Всё это было бы прекрасно, если бы не одно но…..В Коми собаки живут в каждом доме и собак там ценят. Но живут они в будках во дворе и временами сидят на цепи, временами просто бегают по улице, однако в избах их не держат. Посмотрев на меня со Щекном - а я держала его на руках - бабушка совершенно искренне предложила поселить Щекна под крыльцом, а для верности посадить на цепь. На той цепи раньше держали, по всей видимости, телёнка – судя по размерам. Я прижала Щекна к себе и собралась дать дёру со двора. Но Щекн оказался умнее меня. Спрыгнув с рук моих на землю, он принюхался и отправился к бабусиному сараю.

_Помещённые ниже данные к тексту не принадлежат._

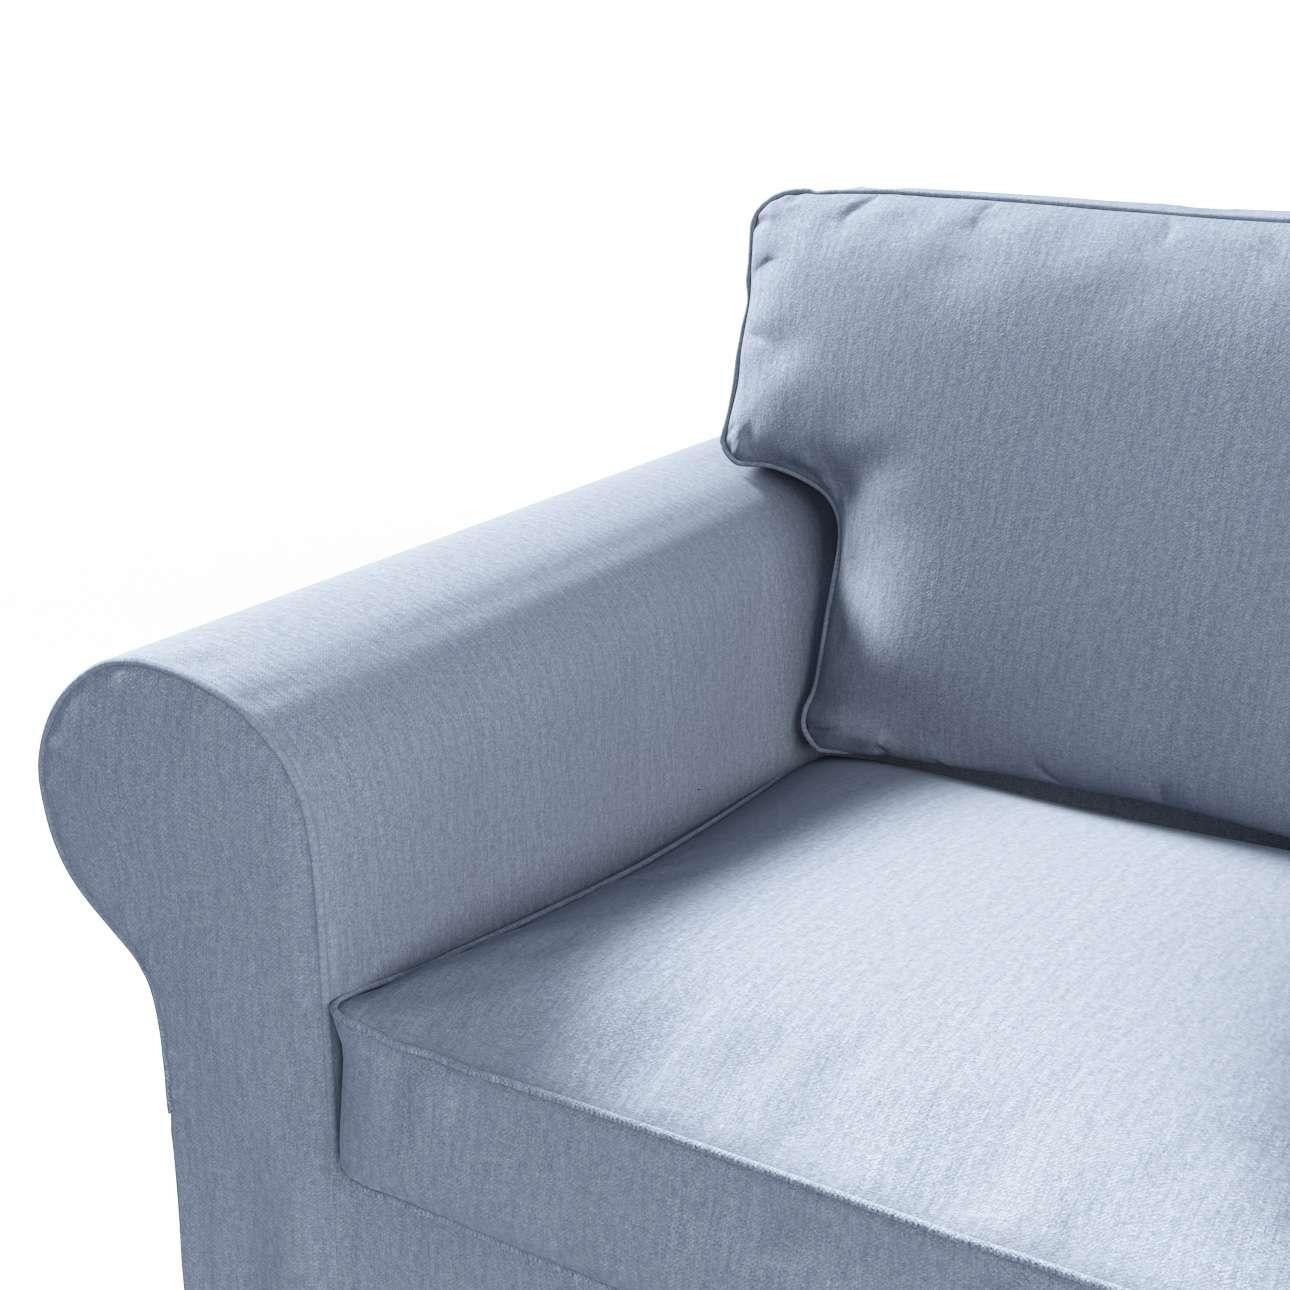 Ektorp dvivietės sofos užvalkalas Ektorp dvivietės sofos užvalkalas kolekcijoje Chenille, audinys: 702-13

Оттуда немедленно раздался истошный визг и появился Щекн с крысой в зубах. Положив к моим ногам крысу, он, на глазах онемевшей от удивления бабуси, отправился вновь тем же маршрутом и опять вернулся с добычей. Такой фокус он проделал пять раз. Потом сел рядом со мной и посмотрел бабе Ане в глаза. Вообще выдержать Щекнов взгляд было не просто – у него были удивительные глаза, большие, тёмные и очень умные. Муж мой, тем временем, объяснял хозяйке, что перед тем, как войти в дом, собаке моют лапы. Баба Аня махнула рукой и сказала – «Пусть живёт в избе, если такой умный!»
И мы вселились в наше очередное жилище. Для начала я прибралась в кухне, постирала и погладила занавески и салфеточки, вытрясла все половички, помыла пол и была в этом одобрена бабой Аней. Когда же, однажды, в отсутствие бабушки, я вымыла и её избу, испекла в русской печке пирожки и поставила к её приходу на чисто выскобленный стол блюдо с горячими пирожками – жизнь совсем наладилась. Бабушка, увидев вымытую избушку свою, прослезилась, а пирожки добили её окончательно. С тех самых пор она относилась к нам, как к родным. Если мы возвращались из дальнего маршрута - а мы уезжали иногда дня на три, а то и на неделю – нас всегда ждала протопленная баня и явно обрадованная нашим возвращением хозяйка. Дров мы ей запасли года на два – лесхоз в этом нас не ограничивал, брошенные вдоль лесных дорог дрова имелись почти у каждой отработанной лесосеки – главное было вывезти. ГАЗ - 66 – машина большая и с хорошей проходимостью, поэтому проблемы дров для нас не существовало. К тому же, в выходные дни, муж мой – просто, чтобы размяться - все их перепилил и переколол. И сделал две сушилки для грибов – мне и бабусе - теперь грибы из протопленной русской печи выходили не чёрными горелыми лепёшками, а чистенькими, даже сохранившими цвет, красивыми, как ёлочные игрушки.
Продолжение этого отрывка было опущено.